The authors of Nurture Shock have come to a similar conclusion, citing research that shows young black children need to have outlets to discuss race. But it’s not easy to strike the right balance.
Avoid the subject or not discuss it enough and you leave children unprepared for real-world situations.
Over-focusing on the issue, though, “give children the message that the world is going to be hostile – you’re just not valued and that’s the way the world is,” the authors wrote, which can harm a child’s educational and other pursuits.
Tim Koch’s skill set is ideally suited for that delicate dance.
The best directors are adept at blending styles, finding the sweet spot where each voice or instrument is utilized well and compliments the others.
It doesn’t matter if he knows what it feels like for a woman to hit a “high c” note, “but I must understand what she needs to sound like,” Tim Koch said, just as he must understand David and his unique struggles.
He has to know what each player or singer should be doing, the shape of their mouths, their breathing, their posture.
Being able to handle diverse personalities, backgrounds and expectations is a professional requirement for Tim Koch.
With David, it has become more of a personal one as well and fits with Tim’s philosophy of life, which includes fighting for equality.
“We are doing and will do all in our power to preserve our son’s cultural heritage, especially through education, music and religion,” Tim Koch said.
They feel honored to be parents of one of the most talented drummers in South Carolina, as Tim Koch describes David.
“He is a prodigy, as gifted as Michael Jackson, and I don’t think that’s much of an exaggeration,” Tim Koch said. “He is far more talented than I am. He is primarily self-taught at most everything. He can produce an entire music video by writing the song, laying down all the instrumental and vocal tracks.”

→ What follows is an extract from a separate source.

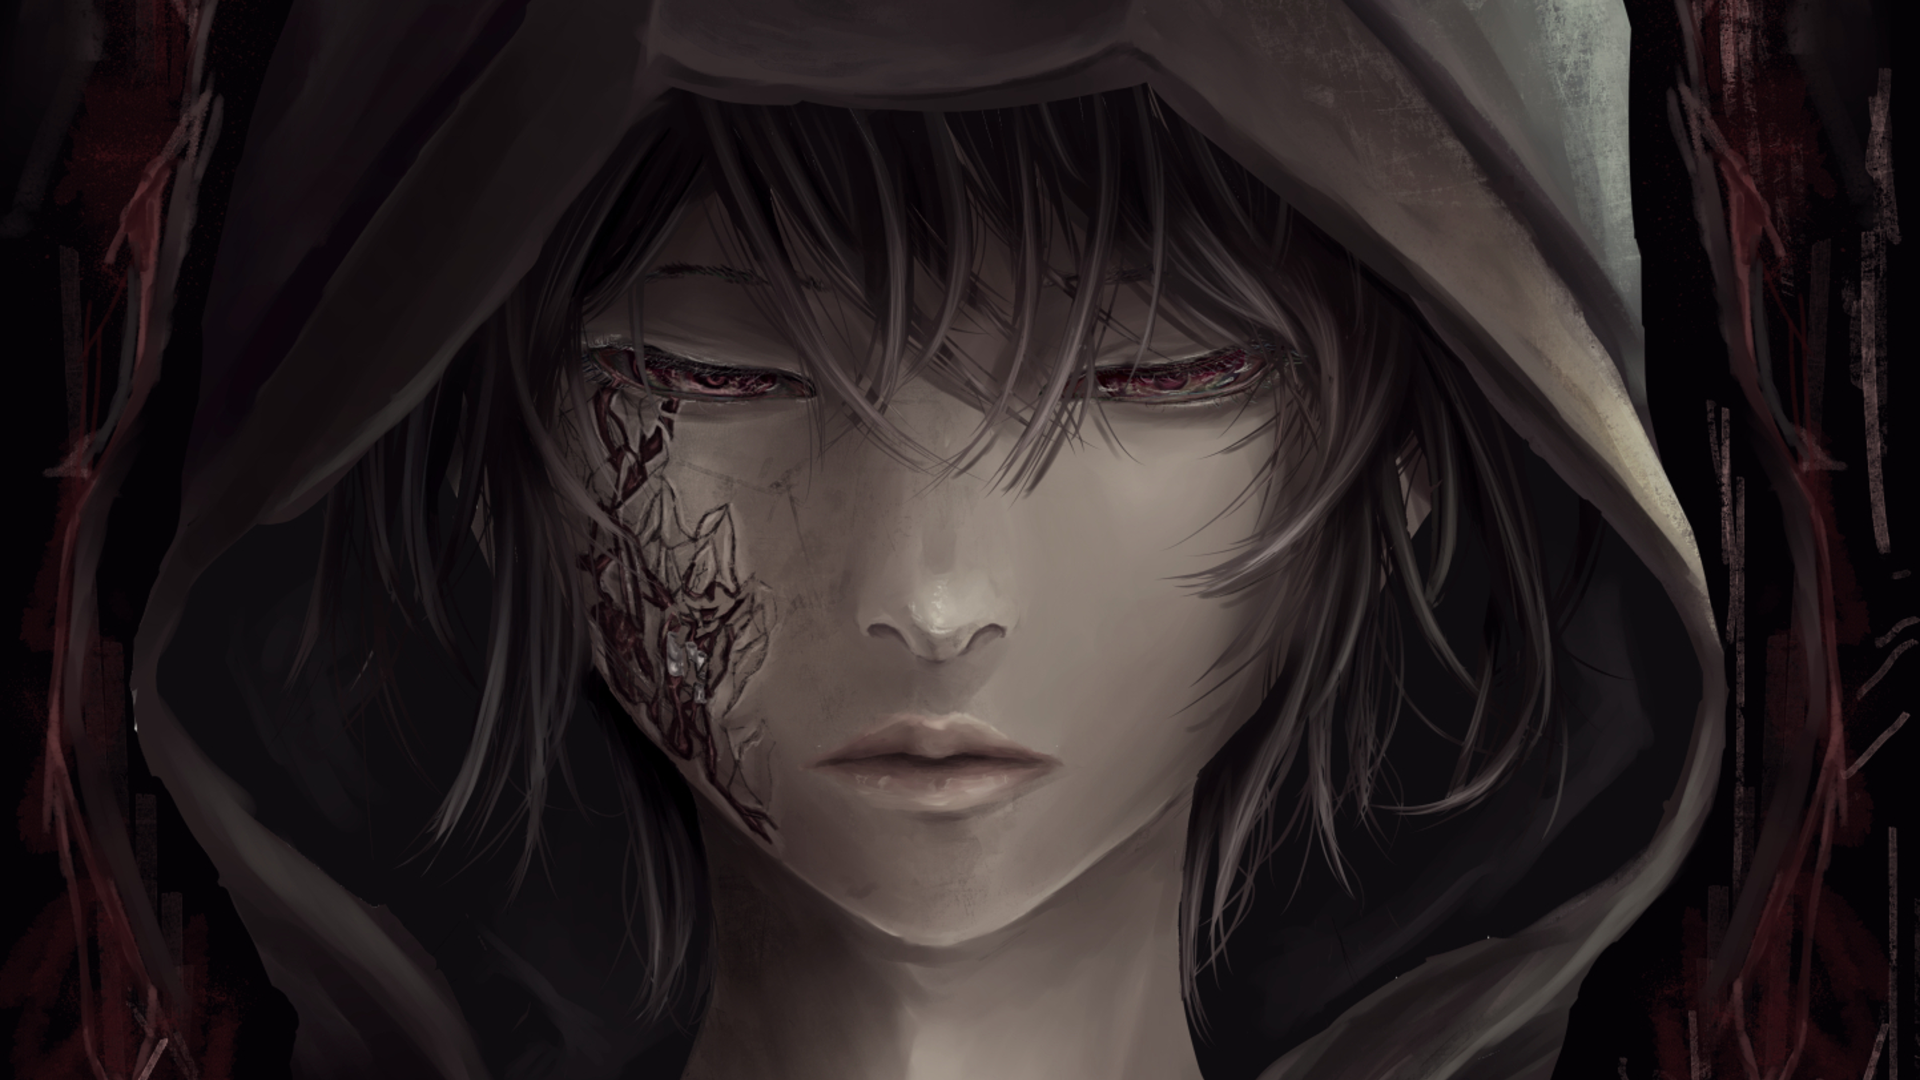 Hooded Sad Anime Boy Wallpapers - Wallpaper Cave

The Kochs have been welcomed by church members, friends, black and white, and neighbors, including one who volunteered to build David a tree house in the background.
“I knew it would be a challenge, especially living in a small town in South Carolina and my immediate family’s feelings about people of color, especially African-Americans,” said Jo Nell Koch.
Some family members have severed ties because of the Koch’s decision to adopt a black boy, including one who hurled the n-word.
And sometimes a friend of David makes a snide remark.
And sometimes they get stared at in public.
“When I see a suspicious look, I usually put my arm around David or give him a hug and a kiss on his forehead,” Tim Koch said. “The most common response, however, is a big smile and sometimes a tear, especially when we perform together. Frankly, I think more about how some African-Americans might feel about our adopting a black child. Is there any resentment or suspicion that something about our decision is somehow condescending toward African-Americans?”
The Kochs have also kept David in touch with his previous family, which includes his mother, two brothers and three sisters.
“I think his biggest fear was that his mother would not be alive when he finally was old enough to see her again, given his understanding of her lifestyle and addictions,” Jo Nell Koch said. “I now realize that it’s possible for him to love both his biological and adoptive mothers, just in different ways.”
The families meet at least once a year in a Spartanburg mall. David spoke to his birth mother recently by phone and keeps photos of them in a folder he created during his many stays in foster care.
“It’s never really like I’m angry with her,” he said. “It’s more like she did things that ended up putting things in place for God’s plans” to unfold.